Odin's Imperial Red has gotten better as it has aged.

Odin’s has gotten better as it has aged.

I started my tastebud adventure with Odin’s Imperial Red, which I had tried previously during the early brewing process before it aged. The pre-aged red was very good and packed a wallop of a bite, which was most certainly more well-balanced as it aged. This one came out very smooth and quite deadly as I downed it rather quickly.

I liked this beer quite a bit; in my opinion it is exactly what an imperial red should be — bold, full of hints of blackberry and almost maple syrup, with a good dose of hoppy goodness.

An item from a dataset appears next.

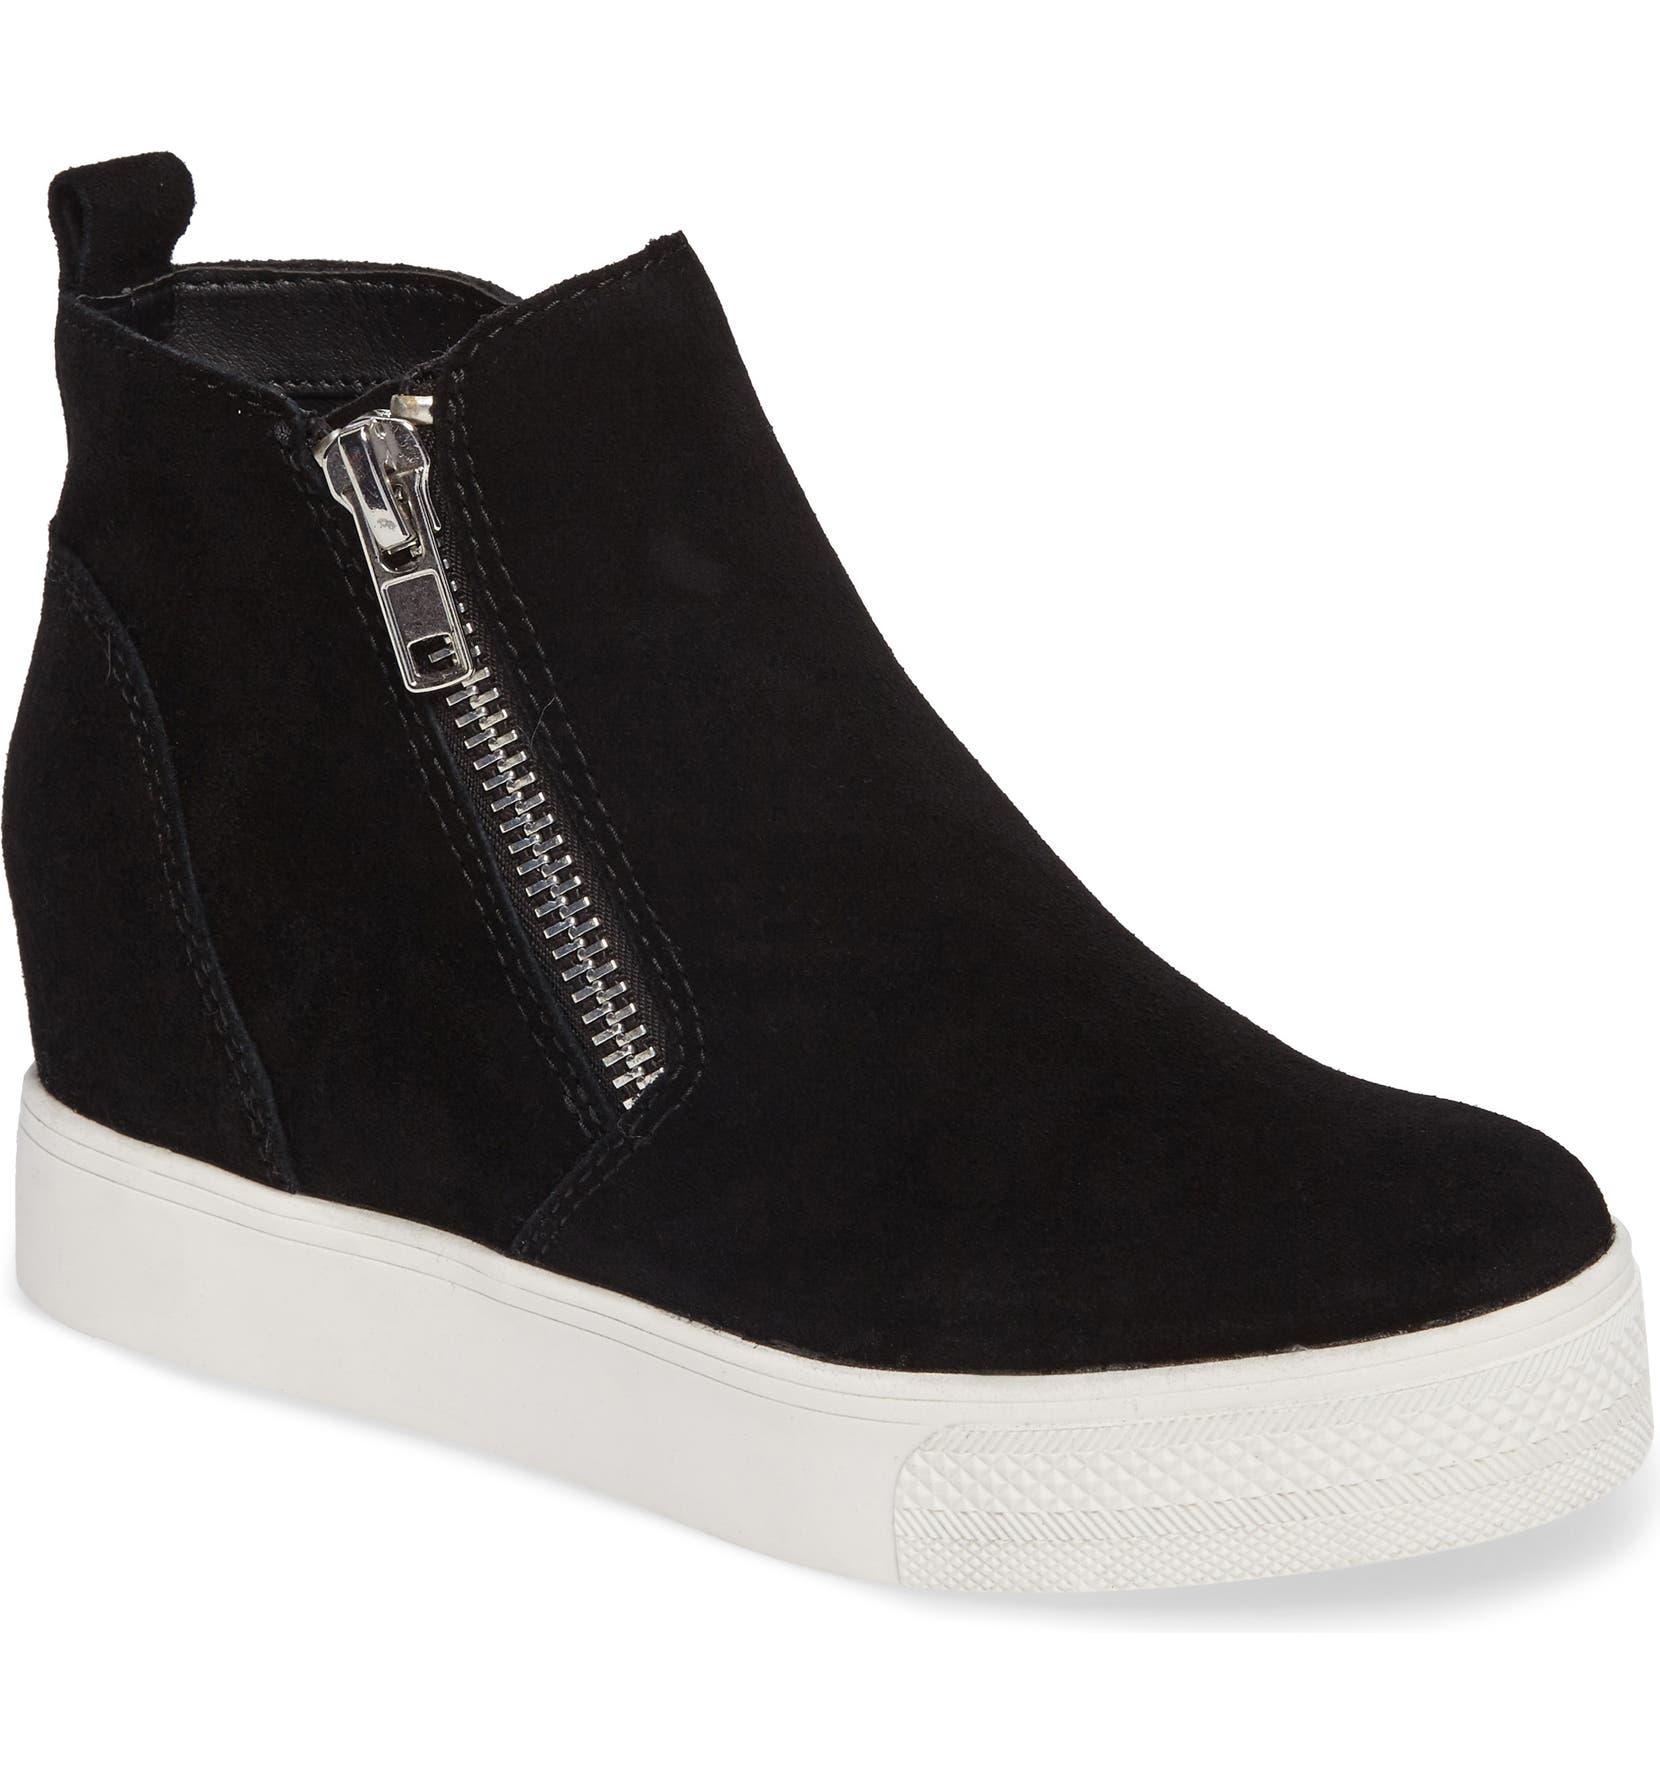 cf11061fde5 Wedgie High Top Platform Sneaker
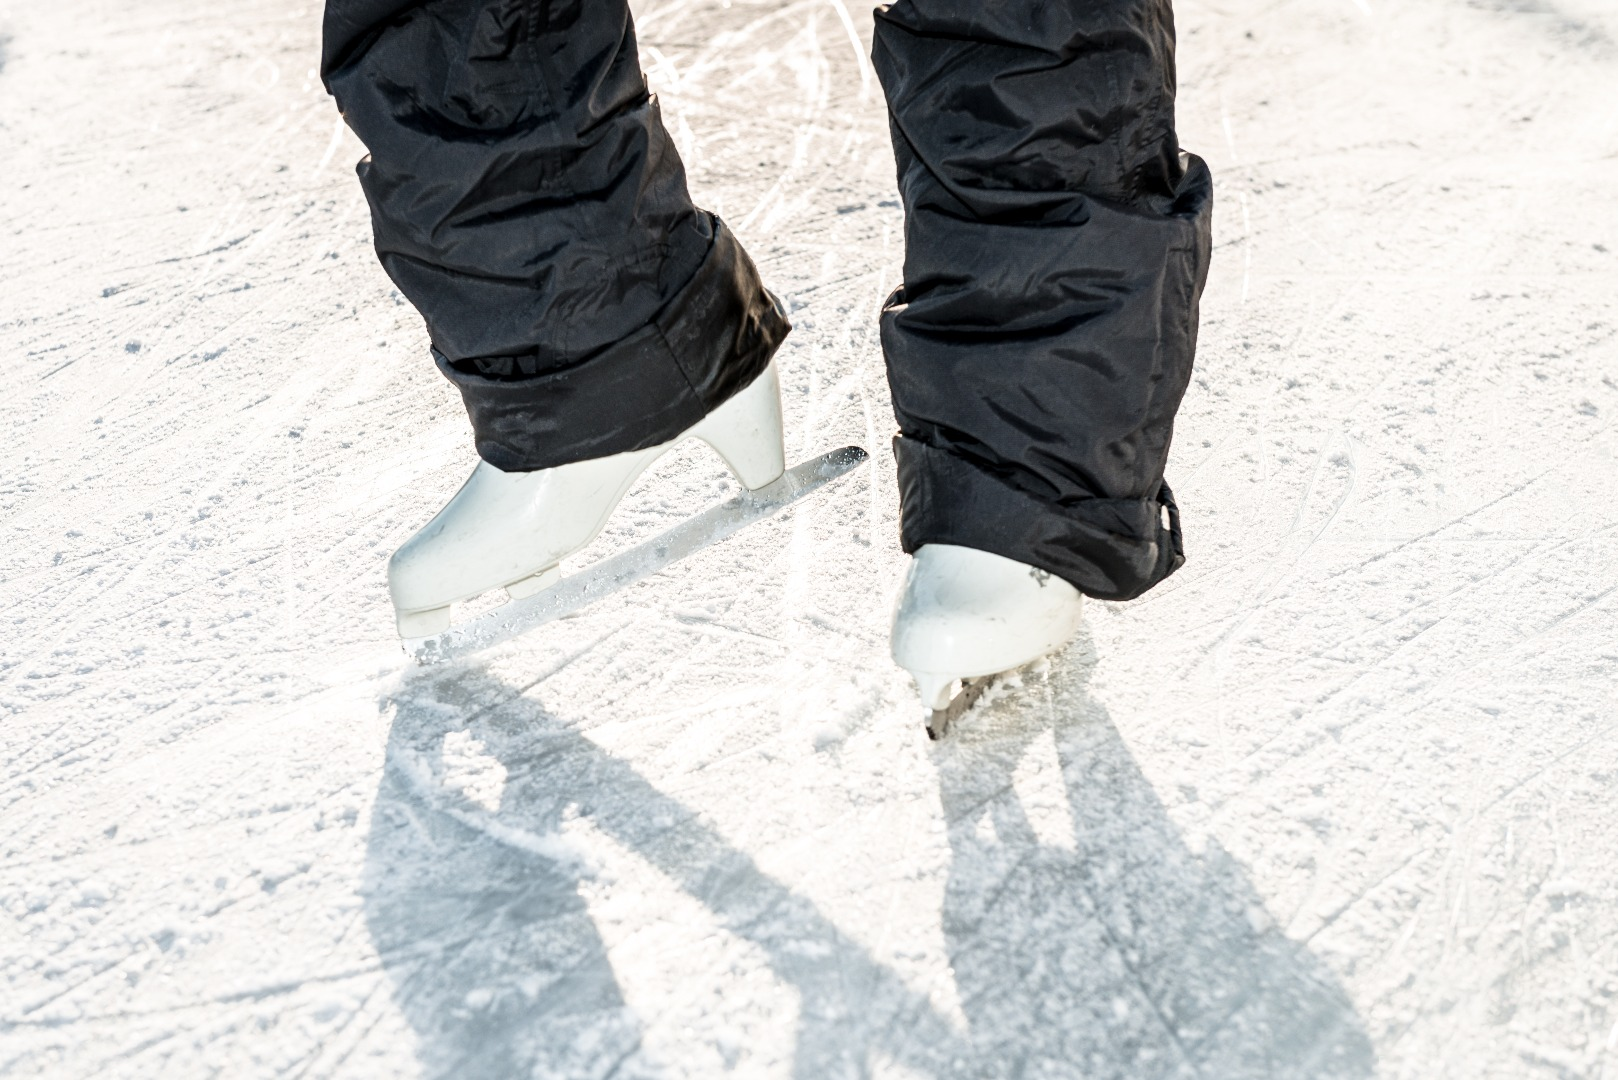 Eislaufplatz Weerberg

Next up was the Topaz IPA, which was the featured beer for Cask Wednesday. This is the first beer that I have tried which has Topaz hops as the main focus; they are quite good indeed! The initial aroma was very sweet and hoppy, with a strong presence of grapefruit and a hint of piñon. As for flavor the beer hits mid-palate with a rich bite and again, lots and lots of grapefruit.

This is a very sweet and yet incredibly bitter beer which I would certainly like to try again on Co2 for a comparison. I thought this beer could have had a bit more bite, but as this was on cask I was expecting more of the subtle flavors to come to the forefront.

The Milk Chocolate Cherry Stout is a bit heady.

The Milk Chocolate Cherry Stout is a bit heady.

As for the reason for my visit in the first place, the Milk Chocolate Cherry Stout did not disappoint. The order of flavors as I noticed them mirrors the name of the beer. The chocolate is a dark cocoa similar to chocolate coffee, but distinct from other chocolate stouts like Samuel Smith’s offering. The palate starts with smooth milk and then a bite of chocolate, with dark, sour cherries on the back end.

The head for this beer was most impressive, quite thick and dark and creamy like a pillow of goodness which lingered throughout most of the pint I poured. As I drank more, the cherry really stood out, reminding me of mid-to-late May and the cherries I used to eat off the trees in my parents’ backyard.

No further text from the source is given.